Collections in Python’s standard library: dict

Warning: this post’s contents is based on Python 3.6rc1 source code – most recent available one at the moment of writing.

Dicts are omnipresent

A lot of things in Python are dicts. Your programs use dictionaries extensively even if you do not explicitly instantiate them.  There is a global registry of loaded modules, so they do not have to be read from HDD every time you request them using import statement.

>> import sys
>>> type(sys.modules)
<type 'dict'>

Every class and every object uses dict internally to store attributes – methods and variables. Unless they use __slots__, but that’s a different story.

class A:
    """Demo of using dicts in classes"""
    # class-level property
    SOME_PROPERTY = 123
    def __init__(self, some_property):
        # instance-level property
        self.some_property = some_property

A.__dict__  # {'__module__': '__main__', '__doc__': 'Demo of using dicts in classes', '__init__': <function __init__ at 0x10f109e60>, 'SOME_PROPERTY': 123}

Notice that class stores in its __dict__ all methods and class-level variables. Presence of __doc__ here may also be surprising, but makes perfect sense.

a = A('some_value')
a.__dict__  # {'some_property': 'some_value'}

Creating an instance of A and assigning some_property in __init__ method results in saving this property in instance’s __dict__.

In the end we are able to reach class-level properties from instance using exact same notation as if we were to ask object for its instance-level attribute.

a.SOME_PROPERTY

This works because Python uses both __dict__’s to find requested attribute. Firstly instance-level __dict__ is checked, then the interpreter moves to class-level __dict__. Finally, if no attribute was found then AttributeError is raised.

These examples are just a tip of the iceberg. Nevertheless they show how heavily dict is utilized in Python.

Dicts are meant to be fast

…which is not trivial regarding

being all things to all people

as was once stated in Beatiful Code. There are some interesting details about Python’s dict implementation. This blog post will actually revolve around them, pointing out how they can be leveraged.

A good dictionary is expected to provide efficient lookup operation. In other words, if we ask dict about presence of value under given key, we expect it to be very fast.
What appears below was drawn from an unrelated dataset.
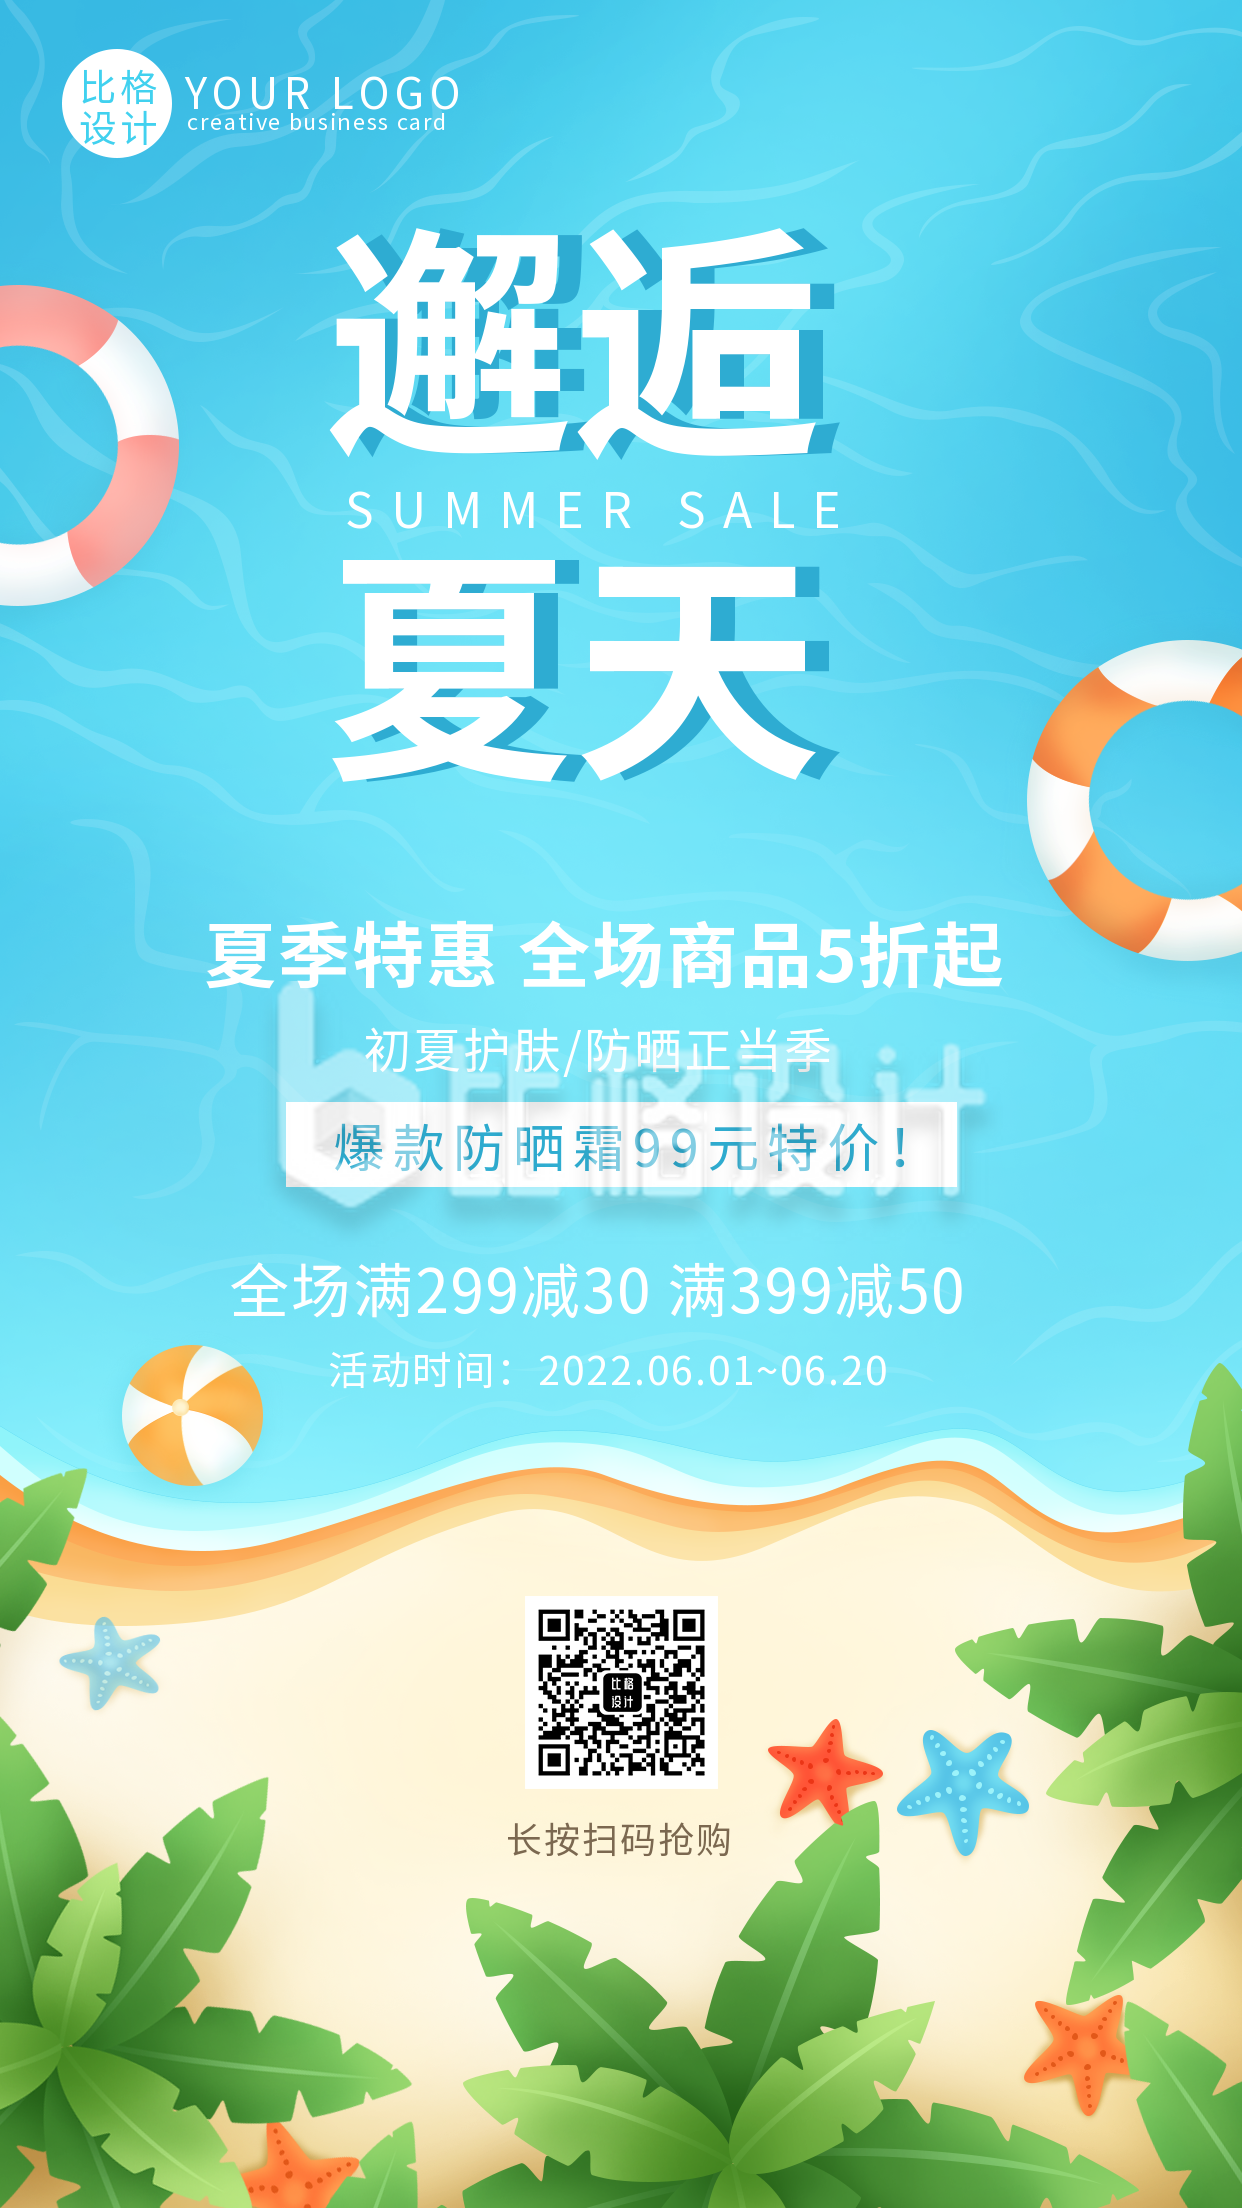 夏季新品上市优惠促销福利活动手机海报

Inserting new pair (key, value) into dictionary is second most commonly optimized operation.

Most ordinary dictionary implementation is based on so called hash table. It means that it resides in a memory as a contiguous area where individual values are stored in seperate cells.

Resembles a list, doesn’t it? Indeed, since under the hood it uses the same data structure. The special part about dict is that underlying table is sparse – there are many unused cells. So, if dict’s values are stored in a numerical indexed table (hey, that’s just a C-table of PyObject pointers!) how they are mapped into nice, human-readable keys? This is where hashing comes into play.
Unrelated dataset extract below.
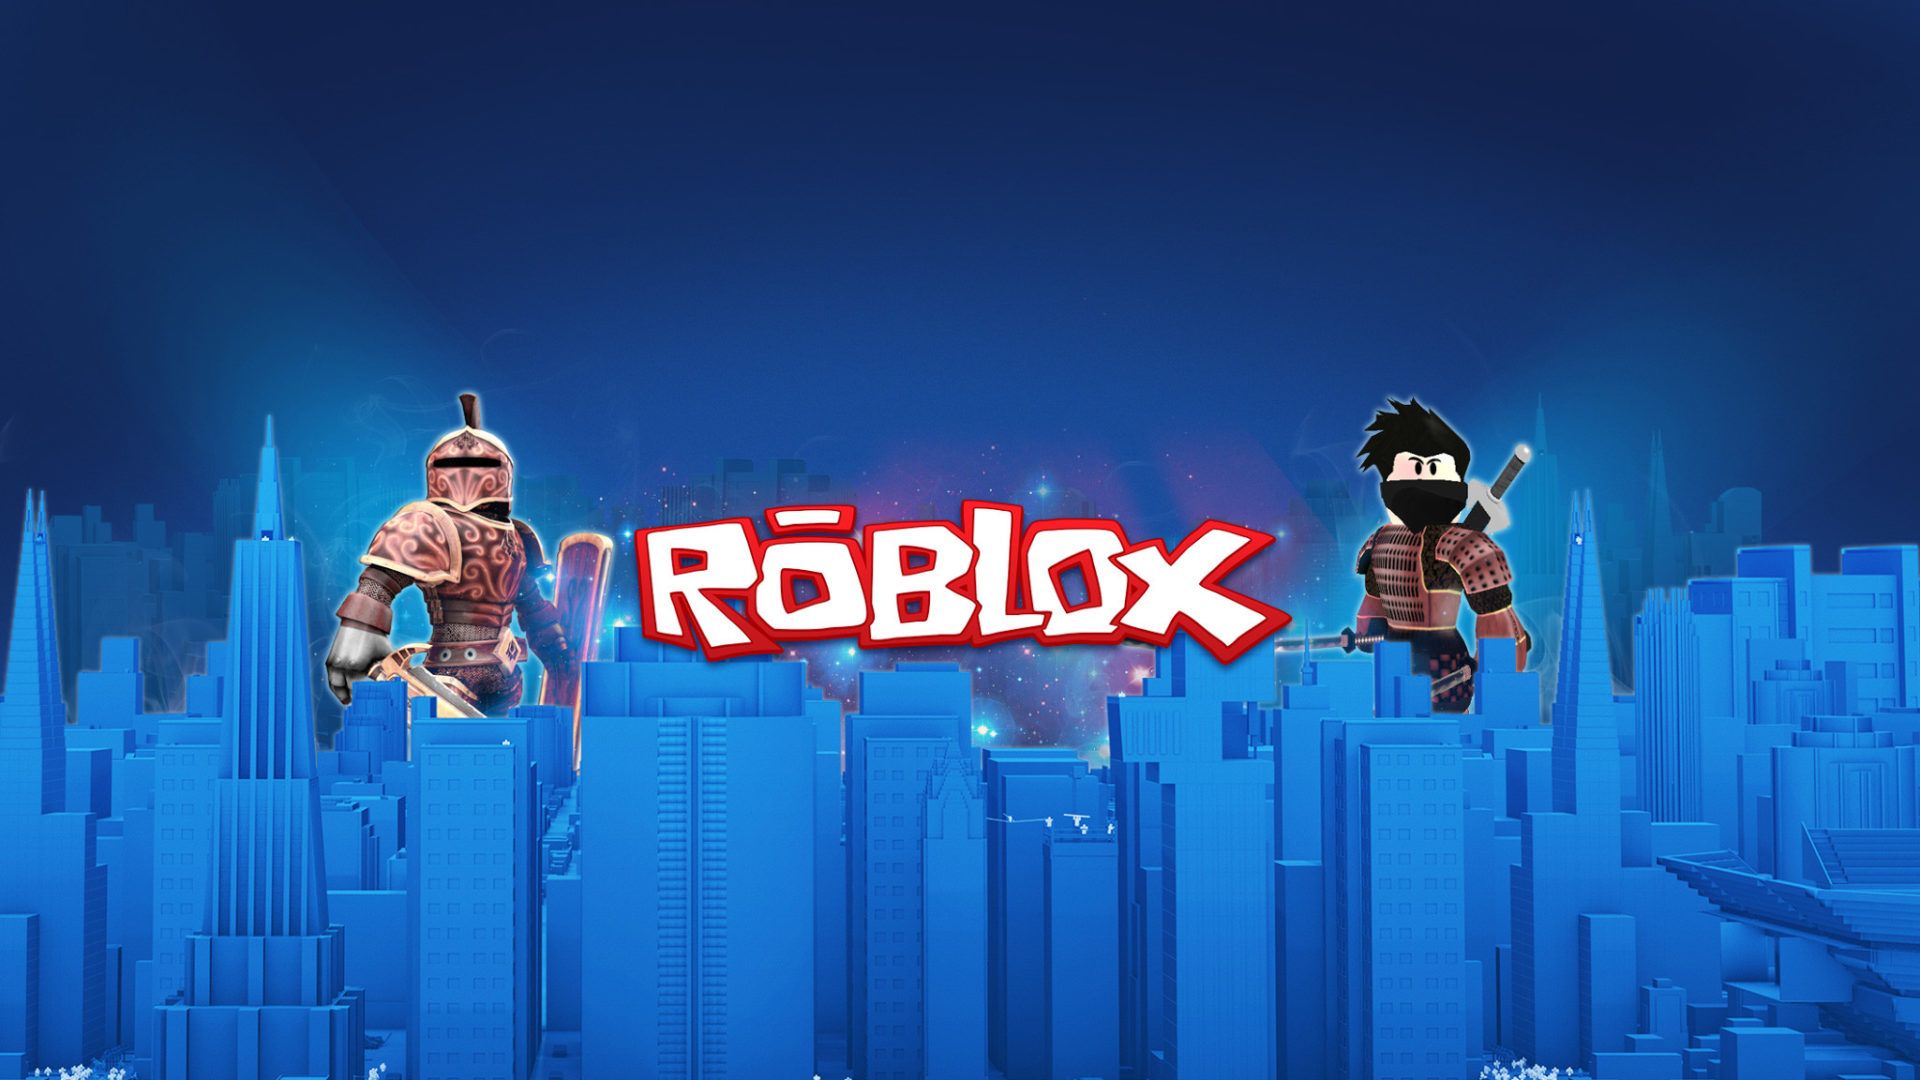 Thiết kế của hình nền mới nhất Roblox gaming wallpapers chắc chắn sẽ làm say mê bất kỳ fan của trò chơi nào. Hình ảnh chất lượng cao của bức hình nền Roblox gaming wallpapers sẽ làm cho thiết bị của bạn trở nên đẹp đẽ hơn bao giờ hết. Tải ngay hình nền Roblox gaming wallpapers để trang trí cho máy tính của mình đi nào!

In simple words, hashing is a process of translating a key into numerical value that will be used to index underlying table. An ideal hash function would never translate different keys to the same index (we then speak of “collision”) and would never leave an empty space in table. As we all know, there are no ideal algorithms, only solutions that solve certain problem in a specific context and cause another ones, or more diplomatically saying – “having many undesired features”. In real life, collisions occur.

Collision, the same index (0) was assigned to k1 and k2

In real life, there are many empty, unused cells in tables used for dictionaries that stand for nothing but a memory waste.

Actually, these two features are connected. Extra space is always left to better cope with collisions, because when the latter occurs, we can not just pretend that nothing happened and neither discard old key-value pair nor ignore attempt of inserting new value.

In CPython there is a quite sophisticated algorithm for finding free space if collision occurs, but this one is beyond scope of this post.

Instead, let’s talk about space occupied or  how many empty cells has to be maintained? The source code says, that dictionaries are filled up to 2/3 are extended using formula:

used*2 + capacity/2

where used are blue cells, filled with data and capacity is an overall number of  cells, no matter if they are used or not. Less obvious thing coming from this formula is that dicts double in size when growing without any deletions.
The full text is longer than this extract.